I'm experimenting with the foreign-function interface in Haskell. 我正在试验Haskell中的外部函数接口。 I wanted to implement a simple test to see if I could do mutual recursion. 我想实现一个简单的测试，看看我是否可以进行相互递归。 So, I created the following Haskell code: 所以，我创建了以下Haskell代码：

module MutualRecursion where
import Data.Int

foreign import ccall countdownC::Int32->IO ()
foreign export ccall countdownHaskell::Int32->IO()

countdownHaskell::Int32->IO()
countdownHaskell n = print n >> if n > 0 then countdownC (pred n) else return ()

Note that the recursive case is a call to countdownC, so this should be tail-recursive. 请注意，递归情况是对countdownC的调用，因此这应该是尾递归的。

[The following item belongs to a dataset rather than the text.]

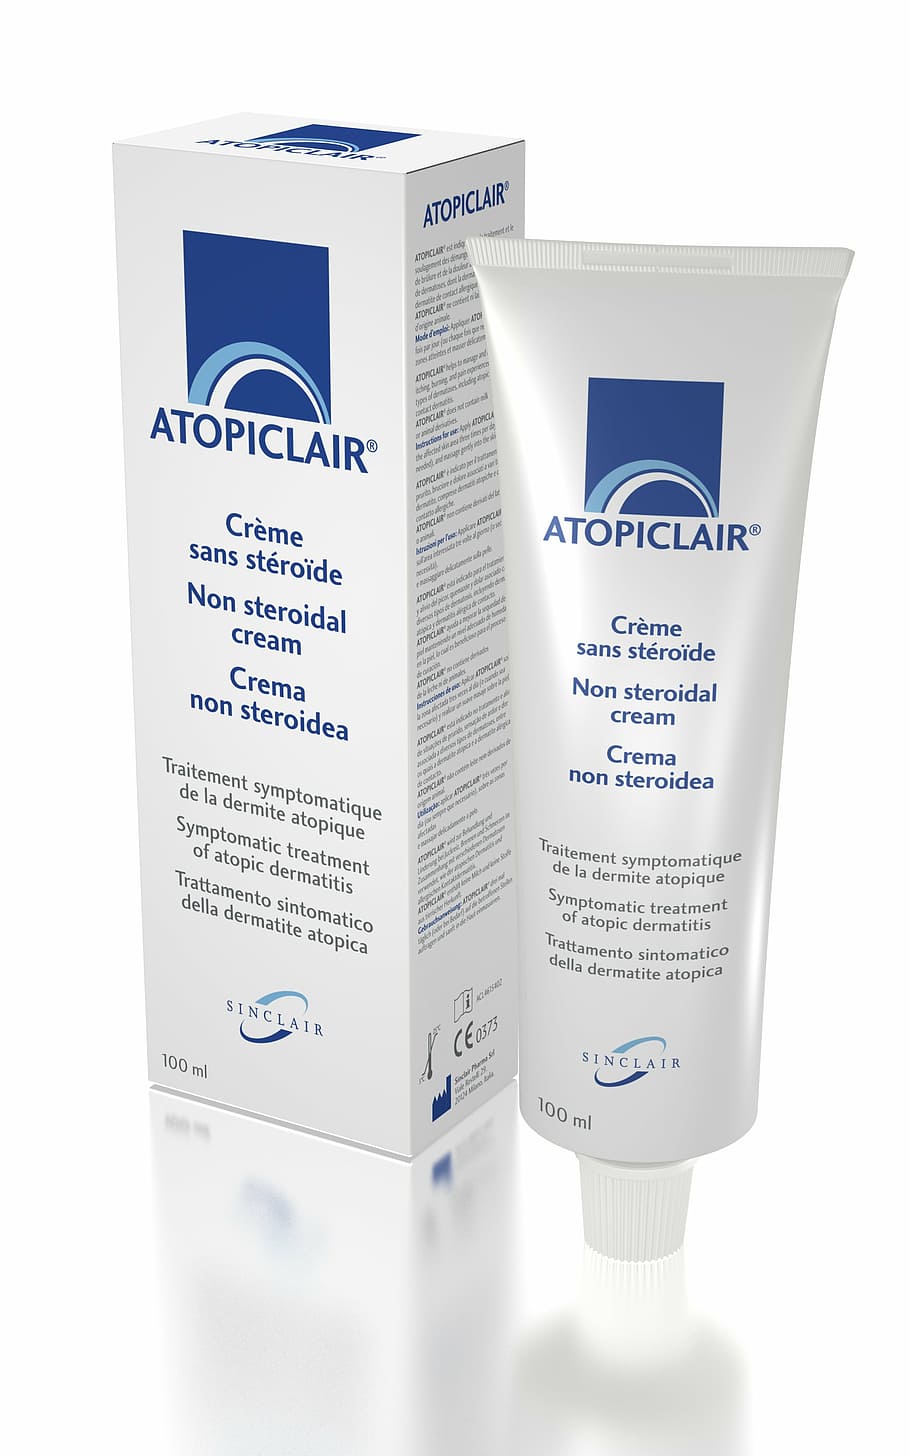 atopiclair, product, cream, lotion, cosmetic, care, skin, hygiene, body, treatment

In my C code, I have 在我的C代码中，我有

#include <stdio.h>

#include "MutualRecursionHaskell_stub.h"

void countdownC(int count)
{
    printf("%d\n", count);
    if(count > 0)
        return countdownHaskell(count-1);
}

int main(int argc, char* argv[])
{
    hs_init(&argc, &argv);

    countdownHaskell(10000);

    hs_exit();
    return 0;
}

Which is likewise tail recursive. 这同样是尾递归。 So then I make a 那我就做了

MutualRecursion: MutualRecursionHaskell_stub
    ghc -O2 -no-hs-main MutualRecursionC.c MutualRecursionHaskell.o -o MutualRecursion
MutualRecursionHaskell_stub:
    ghc -O2 -c MutualRecursionHaskell.hs

and compile with make MutualRecursion . 并使用make MutualRecursion编译。

And... upon running, it segfaults after printing 8991 . 并且......在运行时，它会在打印8991 。 Just as a test to make sure gcc itself can handle tco in mutual recursion, I did 就像确保gcc本身可以在相互递归中处理tco的测试一样，我做到了

void countdownC2(int);

void countdownC(int count)
{
    printf("%d\n", count);
    if(count > 0)
        return countdownC2(count-1);
}

void countdownC2(int count)
{
    printf("%d\n", count);
    if(count > 0)
        return countdownC(count-1);
}

and that worked quite fine. 这工作得很好。 It also works in the single-recursion case of just in C and just in Haskell. 它也适用于C语言和Haskell中的单递归情况。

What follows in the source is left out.